Of course every generation has its fashions, in writing about sex as in everything else. I notice that most women in this collection wear black (especially black silk shirts over black pants), and I find it interesting that the strap-on continues to reign supreme. But you may notice that not every butch in these stories wears one, and if somebody’s wearing one it’s not even always the butch. “She is such a girl in every way,” says the bewildered narrator of Radclyffe’s “Bingo, Baby,” “and I wouldn’t have believed how hot she’d look with all that girl power dancing inches from my face.” In fact, though female masculinity remains a very hot topic in today’s sex writing, different elements turn up in different stories, in unpredictable combinations: butch identity, clothes, the top role; cocks imagined, rubber, and silicone, softees and hard ones. The package has been unpacked (as it were!). In Joy Parks’ refreshingly original “Sweet Thing‚” the confident femme discovers something about the handsome baker she’s just seduced on the breadboard beside the oven: despite having serviced most of the married women in town over the years, can it possibly be that “Petey the butch goddess is a virgin?” And unlike the straight do-me queens Petey is used to, this girl knows how to melt that stone.
“Your sense of your own power was what made me wet,” writes the submissive narrator in Amy Babcock’s “Last Ten Bucks.” In a telling detail, the butch top bends her over a table she (the top) fixed herself: “It is an old wooden table—strong, stable, and firm—like you. You have been working on its repair for some time; skillfully crafting and successfully manipulating it to become what you want it to be—your very own.” In the space between those two sentences, there is a moment of erotic blurring as the table flips from representing its owner to standing for the women she dominates.
A story like Sacchi Green’s “Bright Angel” can be read as a smart commentary on the long literary tradition of wishywashy nature writing about lesbian sex: all petals opening and fronds of seaweed. Green’s butch protagonist rewrites all that on a Grand Canyon scale: “ ‘I suppose you think the water always flows gently, smoothly, taking forever to wear away resistance… But sometimes storms batter at the rocks, and spring floods from mountain snowmelt surge through the ravines.’ I was really getting into it now. ‘The water pounds, thrashes, filled with sharp silt and uprooted trees.’ I raised my hand suddenly to the nape of her neck, still holding her hair roughly back. The scent of her juices on my fingers roused my own. With my fingernails, short but strong, I scraped a line down the valley of her spine…”

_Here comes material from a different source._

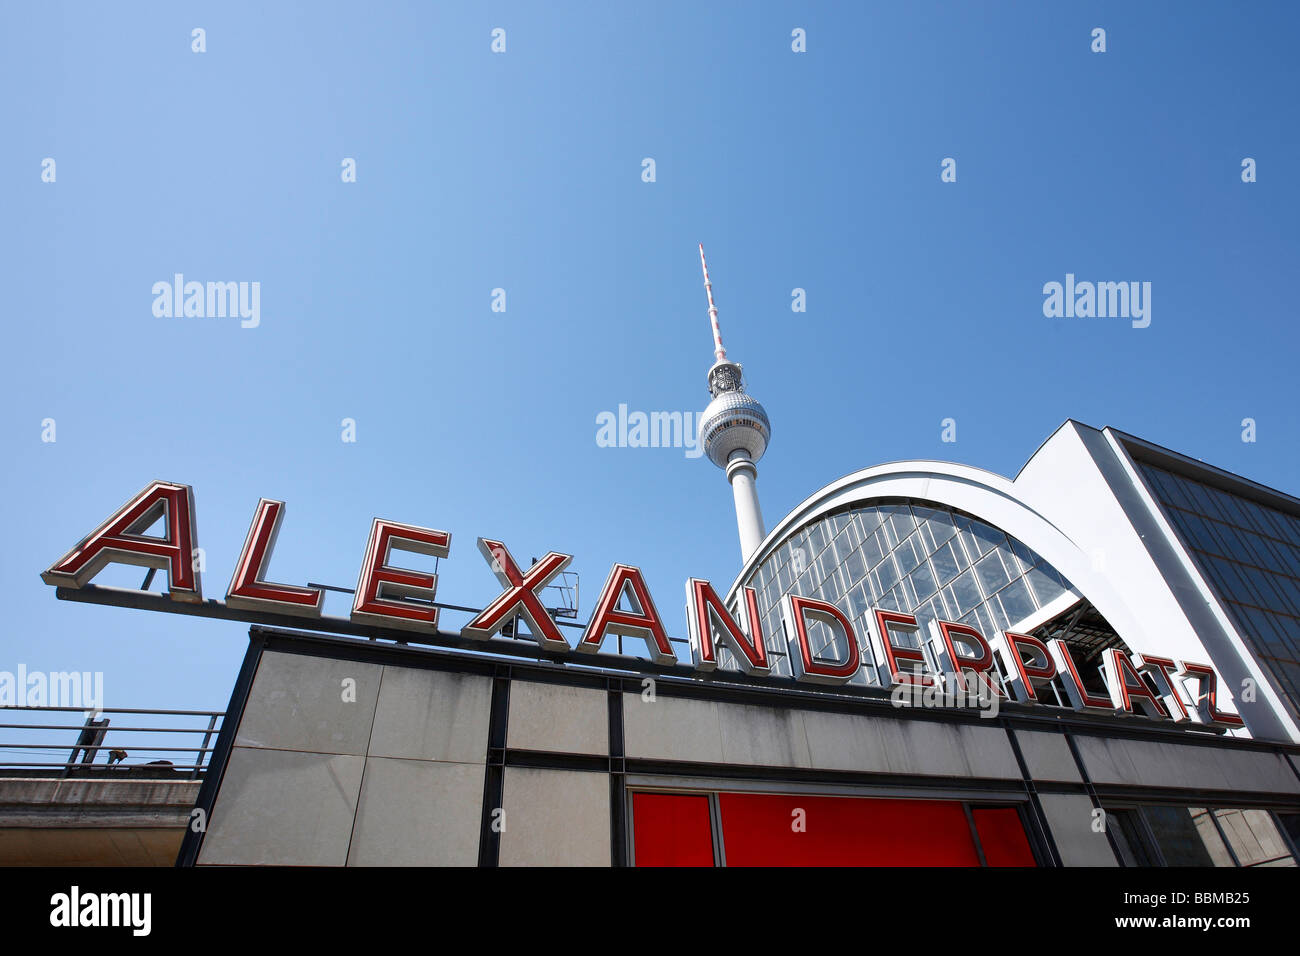 Alexanderplatz train station and Fernsehturm TV tower, Berlin, Germany, Europe Stock Photo
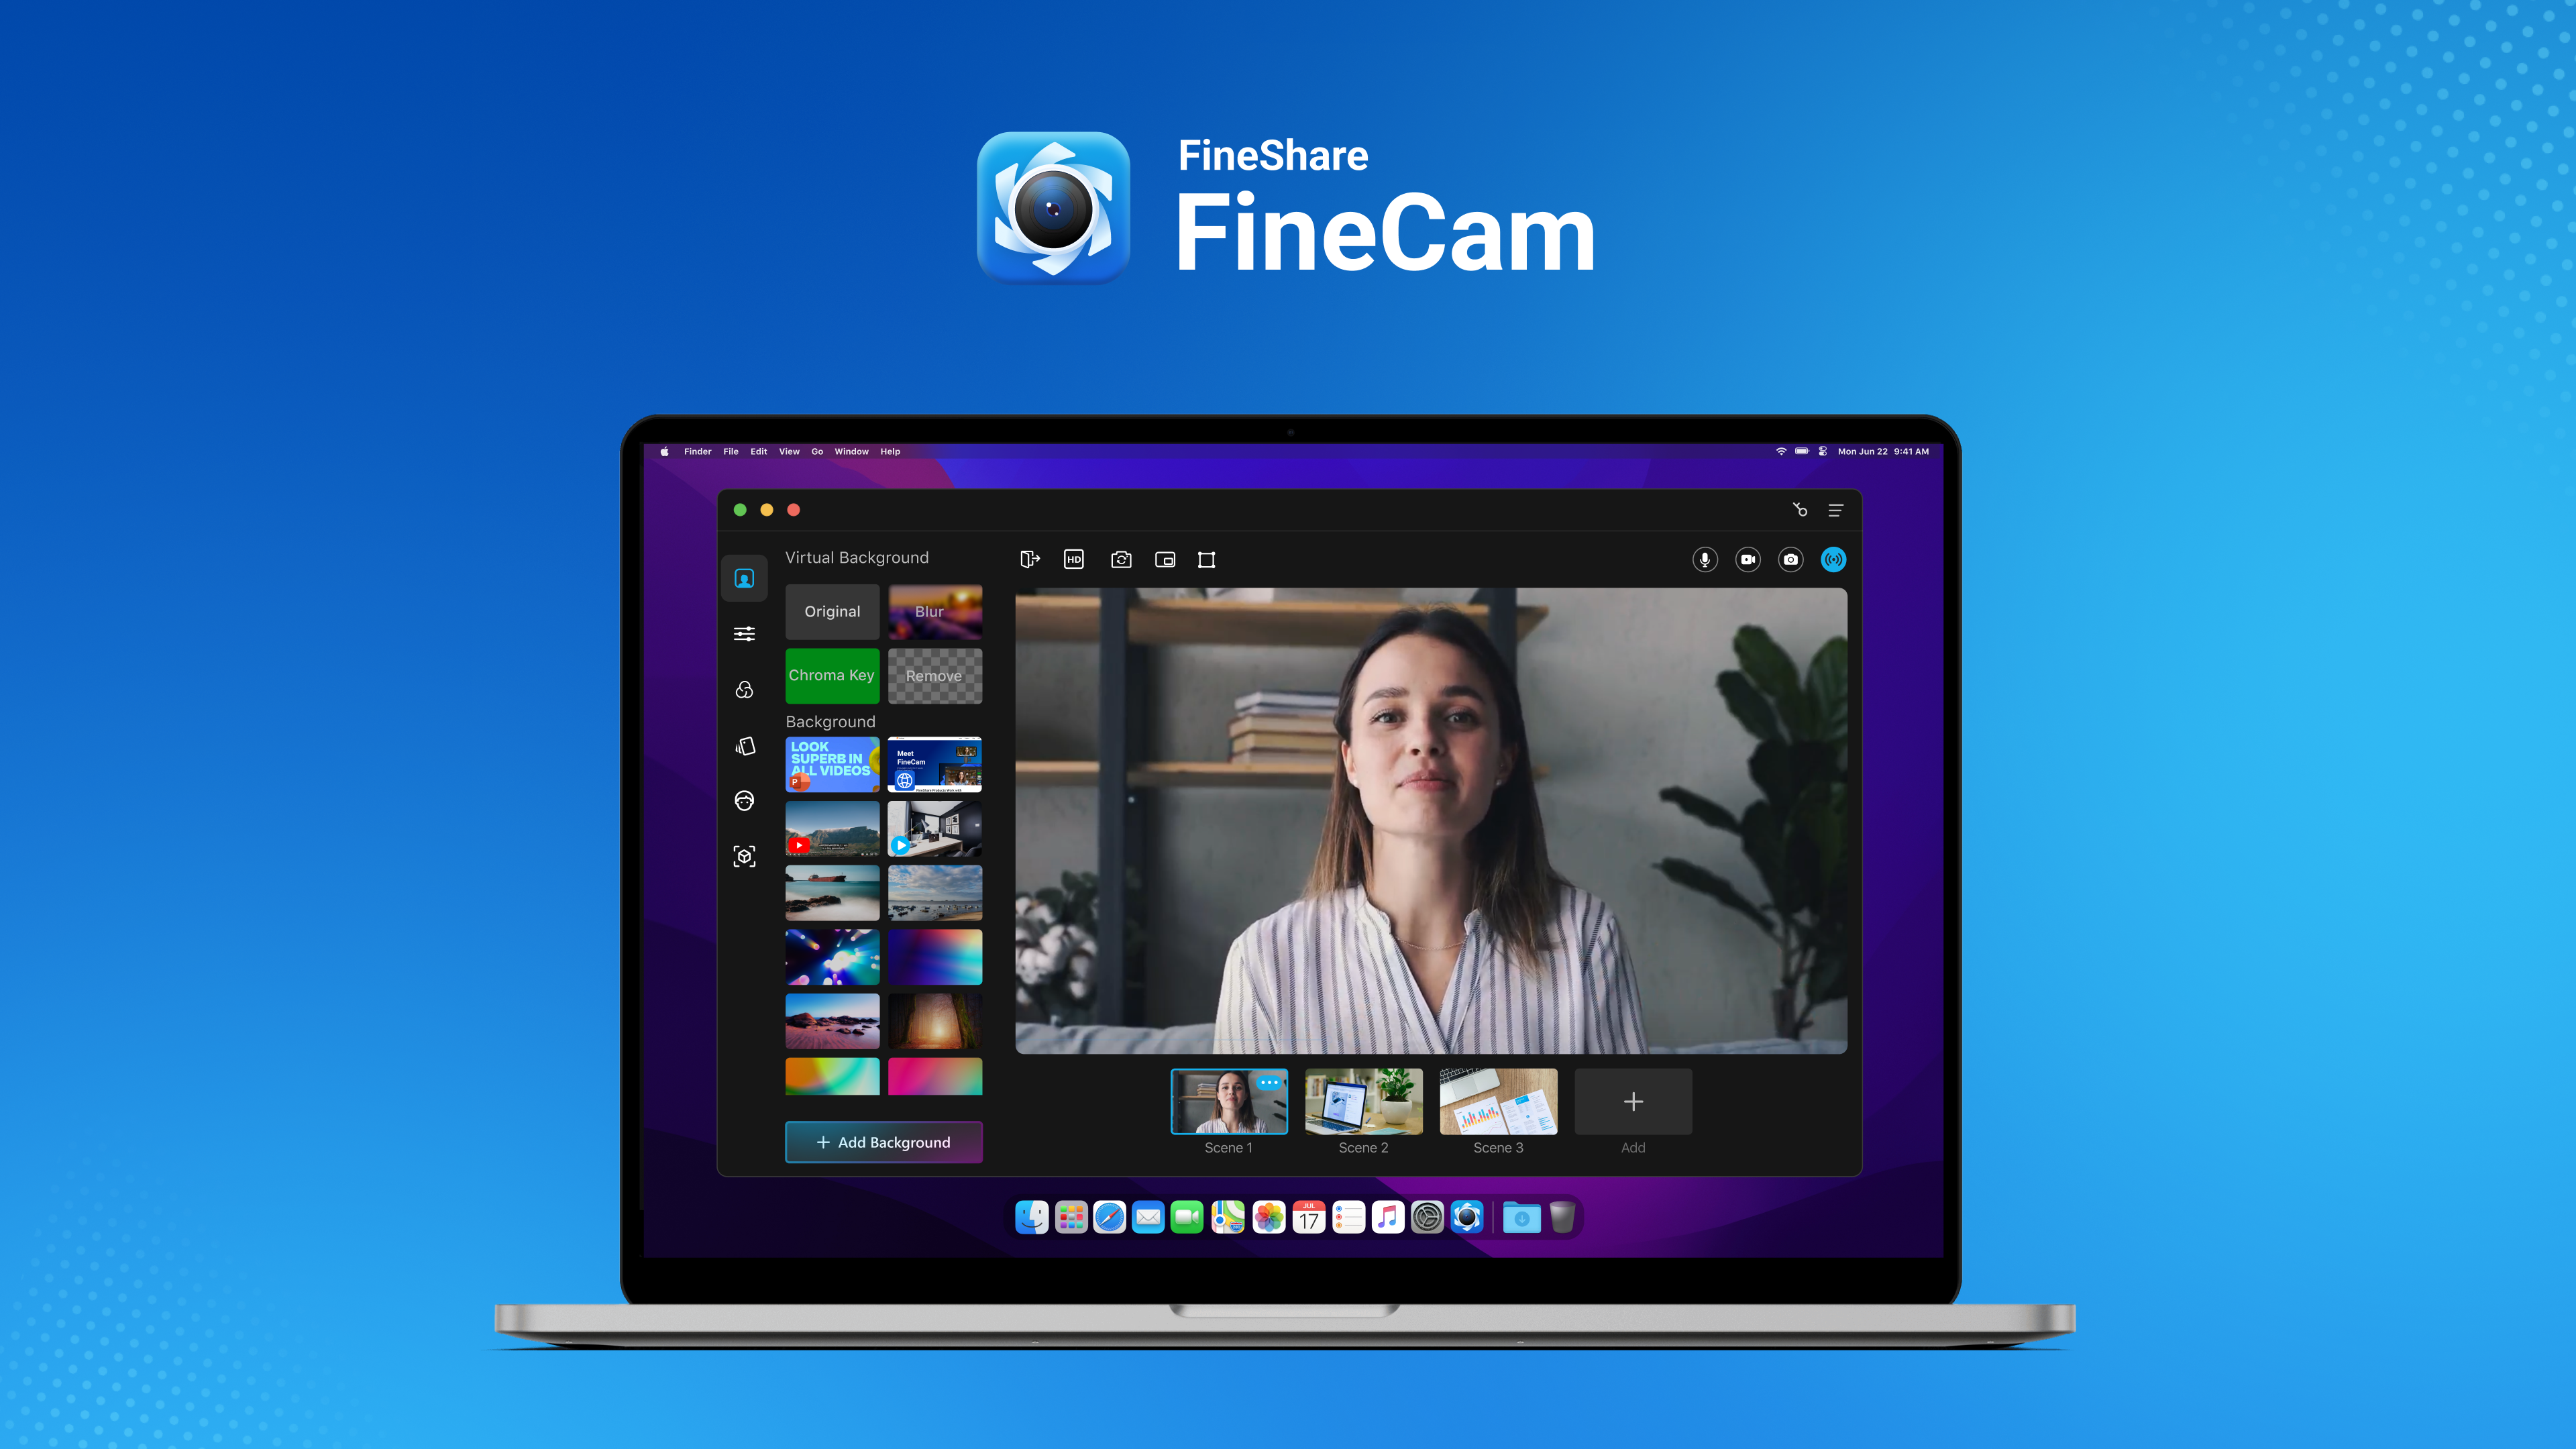 Windows 7 FineShare FineCam 1.5.0 full

By its nature, erotica will always be somewhat conventional: we like surprises, yes, but we like compulsive repetition too. (Admit it, don’t you often rely on a trusty old scenario to push you over the edge?) So most of the stories gathered here combine a quirky setup with a predictable conclusion of blissful orgasms for both parties. But there are some interesting exceptions. In the highly original “Sweet Desires‚” for instance, Tara Alton’s character winds up having weird, uncomfortable, migraine-inducing nookie in her car with a really irritating coworker.
Since taboo is sexy, before I began selecting these stories I was expecting them to ring all the changes on the forbidden. What surprised me is how few of them are about situations in which a social law is being breached: no molestation of the underaged and only one official adultery, in Annette Beaumont’s “Fruit of Another.” Even when sex happens between client and employee, as in Kyle Walker’s “Rosemary and Eucalyptus,” the massage therapist is quite free to rip up the check and walk away. Consent is the rule.